Whether to have Chemo or not?

Hi again.

To recap, I am a 57 year old male and 3 weeks ago I had an anterior resection via robotic keyhole for a T3 N1 and all went very well.
I have just had a meeting with my specialist nurse and out of the 21 lymph nodes that were removed one pesky one had a cancer cell.
They are referring me to the oncology dept for a 3 month chemo session, which they say should be tolerable and I can still work etc
I know it's an impossible question but I don't really know whether to have it or not.
The oncology doctor will hopefully have more statistics to help me decide but does anyone know the percentage benefit of chemo against recurrence?
Thanks

Mark McC

Hi @xcgb

So I had a similar dilemma about a year ago. 4 rounds of chemo shrunk the tumour enough for the LAR to proceed, but 2 out of 11 lymph nodes showed cancer cells and the surgeon recommended 3 more months of chemo.

I was in a right quandary, especially having already been through 3 months of chemo. The oncologist said it was my decision, as in his experience half his patients went for it and half didn't, which I found a bit frustrating when I was looking for guidance.

I was told by the oncologist that as things stood, before the second 3 months of chemo, my survival rate was 80% and the additional chemo would push it up to around 82%. But, 80% or 82% of what ?

The survival rate calculation wasn’t explained to me, what it meant, how it was calculated, so afterwards I did some investigations of my own into statistics quoted. It turns out that if you’re talking about all stages of bowel cancer almost 80% survive their cancer for 1 year or more. With 5 year survival rates by stage ranging from 90% to 10%. These statistics are for net survival, which estimates the number of people who survive their cancer rather than calculating the number of people diagnosed with cancer who are still alive. In other words, it is the survival of cancer patients after taking into account that some people would have died from other causes if they had not had cancer. As far as I can tell they ignore age, class, health, other conditions, ethnicity etc

More details in this link. www.cancerresearchuk.org/...20100,for%205%20years%20or%20more

But these statistics are estimates and cannot be specific to any one individual. However none of that was explained and it was my decision whether to go for chemo or not, I wasn’t given any advice by the oncologist beyond the % calculation.

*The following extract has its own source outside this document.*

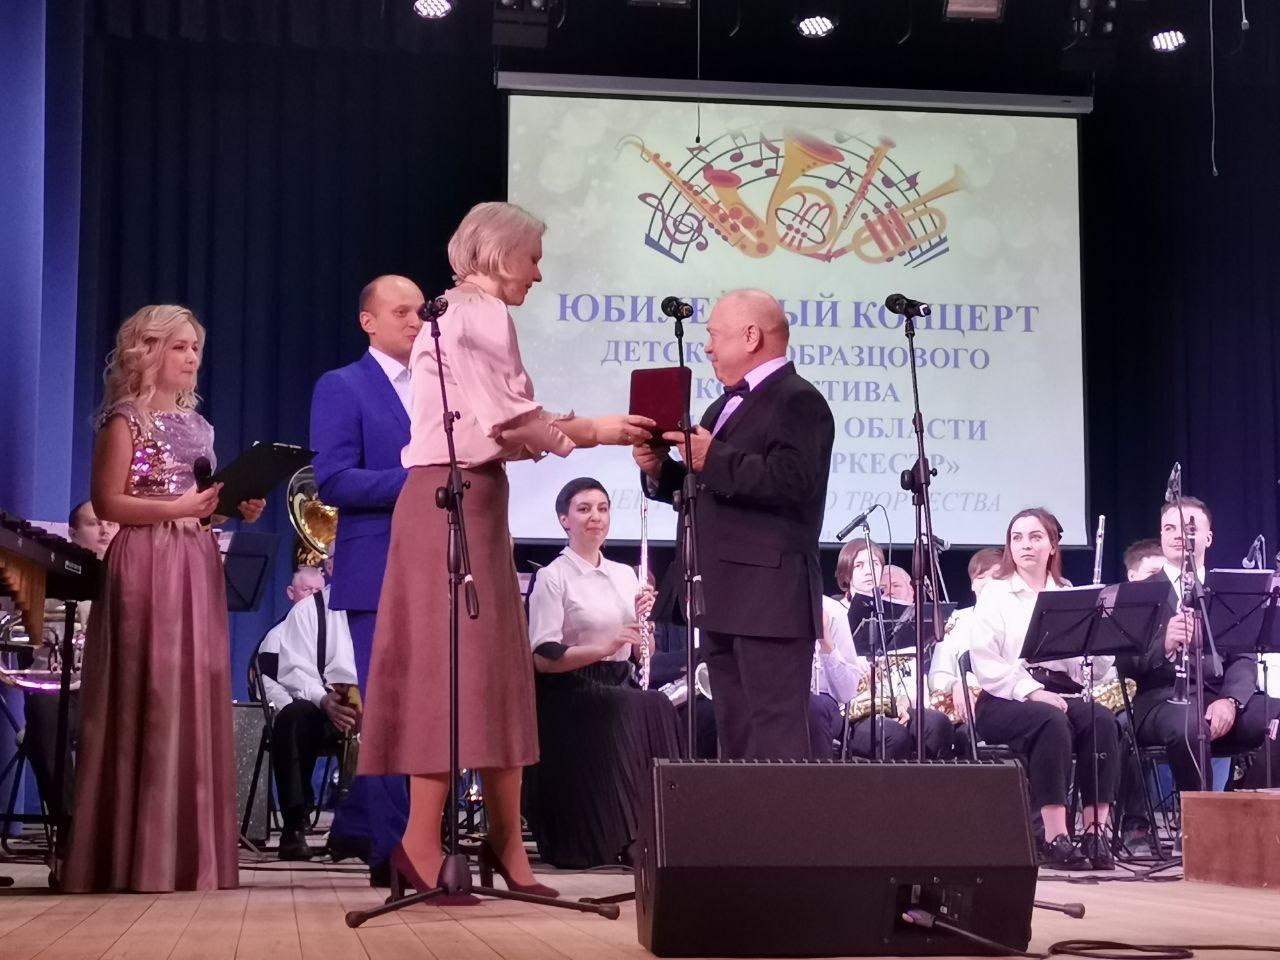 Детский духовой оркестр Городского округа Коломна отметил 45-летний юбилей

I actually hit an emotional low at this point and spoke to MacMillan for their steer. In summary they told me not to get too hung up on the stats and to read this article about survival rate statistics, and really how they should be taken with a pinch of salt - www.mwc.com.br/files/Gould_-_The_median_isnt_the_message.pdf

It was after that and speaking to my care nurse, where she said statistically it would help my long term survival chances, that I went for it. I went for it, as apart from her advise I didn’t want to regret anything later - I wanted to make sure I’d done everything I could do to give me the best chance of long term recovery.

So, when it comes to statistics it is confusing.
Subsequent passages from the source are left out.